STORED DATA:
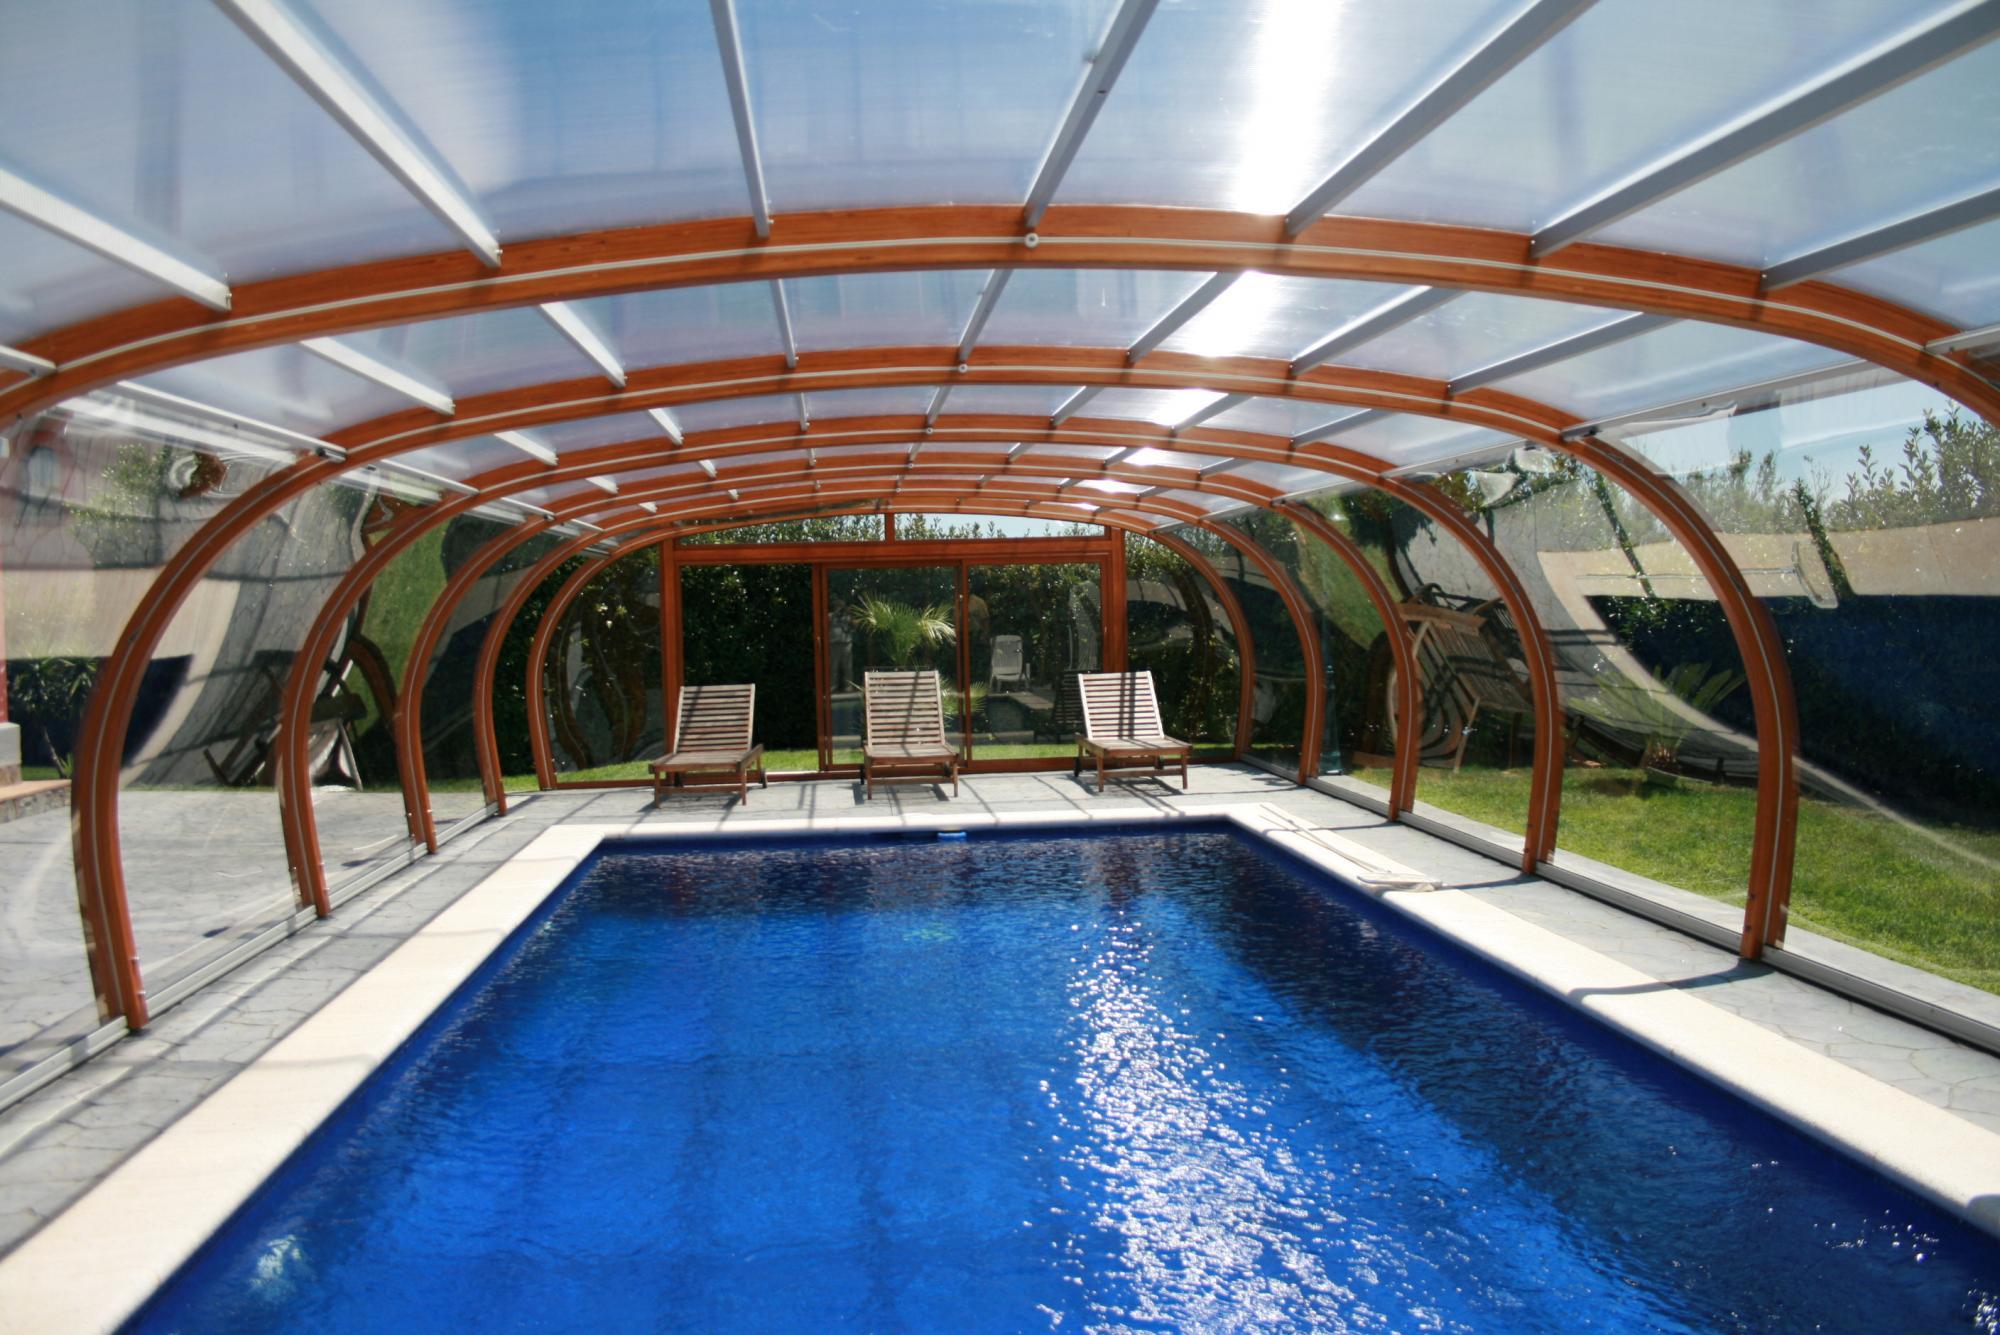 abri piscine bois 39 prestance 39 s curit par lpc. Black Bedroom Furniture Sets. Home Design Ideas
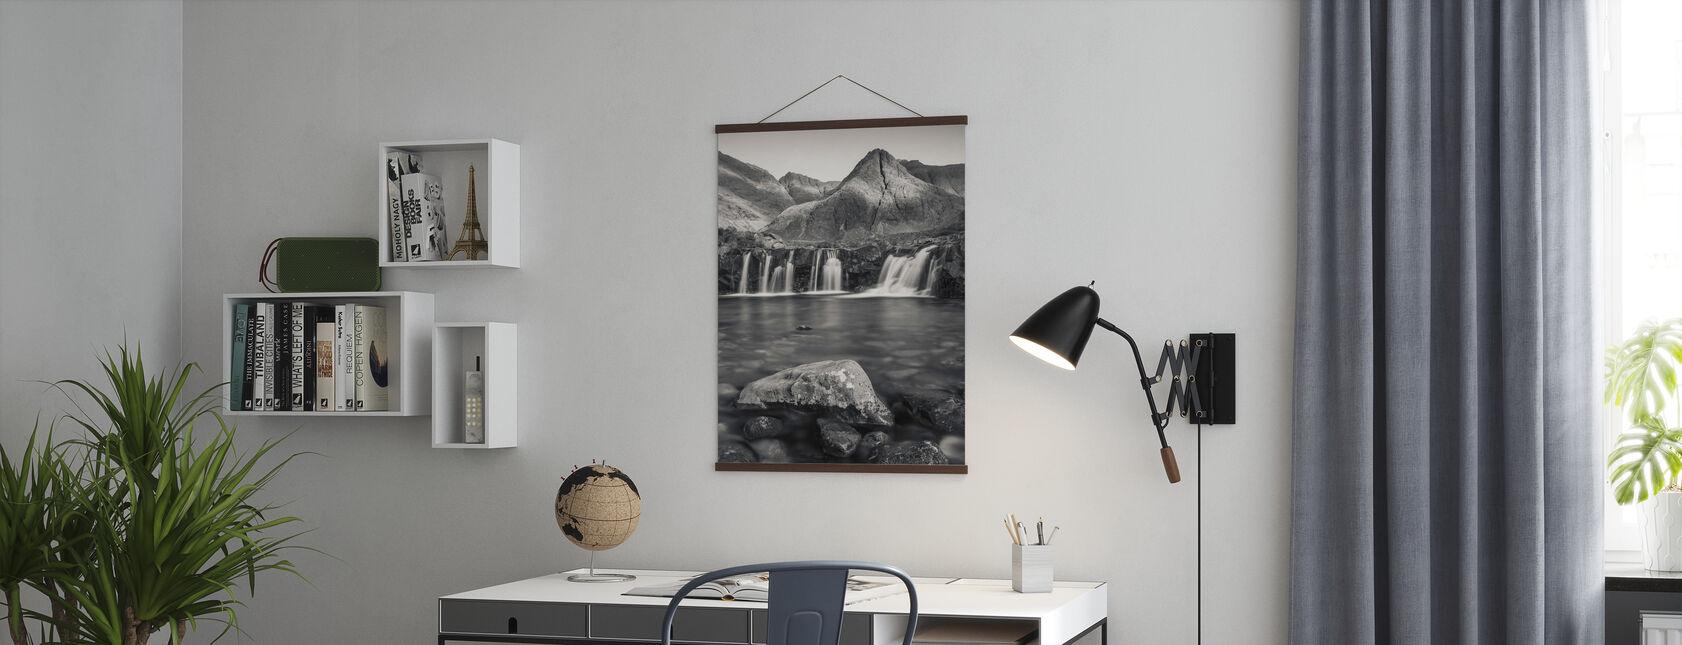 Fairy Zwembaden, Isle of Skye - Schotland - Poster - Kantoor
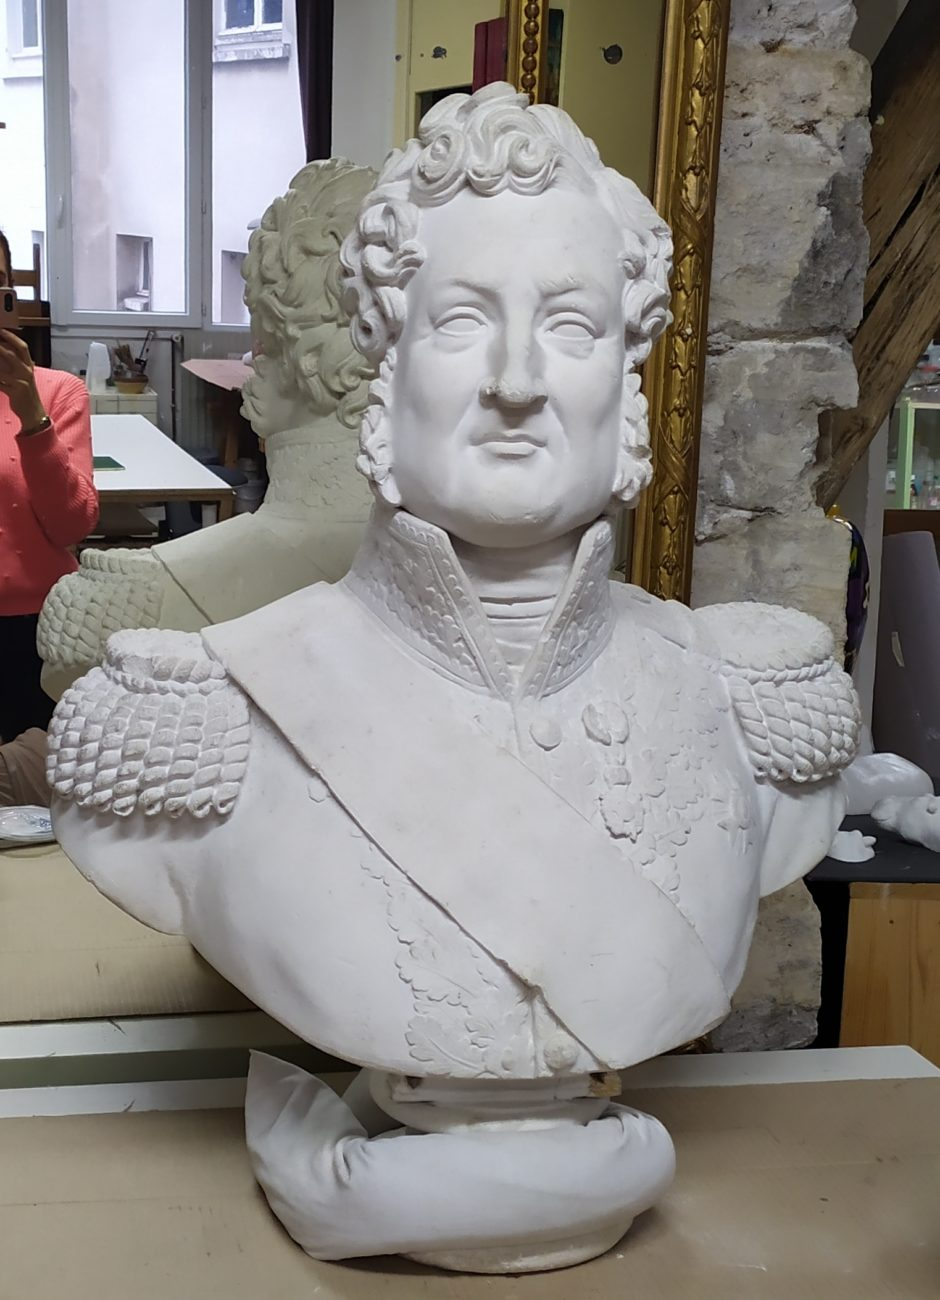 Restauration-conservation d'un buste de Louis-Philippe Ier

REQUIREMENT:
Once the pictures are set aside, the remaining data must be transcribed exactly.

SOLUTION TO THE PROBLEM:
 abri piscine bois 39 prestance 39 s curit par lpc. Black Bedroom Furniture Sets. Home Design Ideas
 Fairy Zwembaden, Isle of Skye - Schotland - Poster - Kantoor
 Restauration-conservation d'un buste de Louis-Philippe Ier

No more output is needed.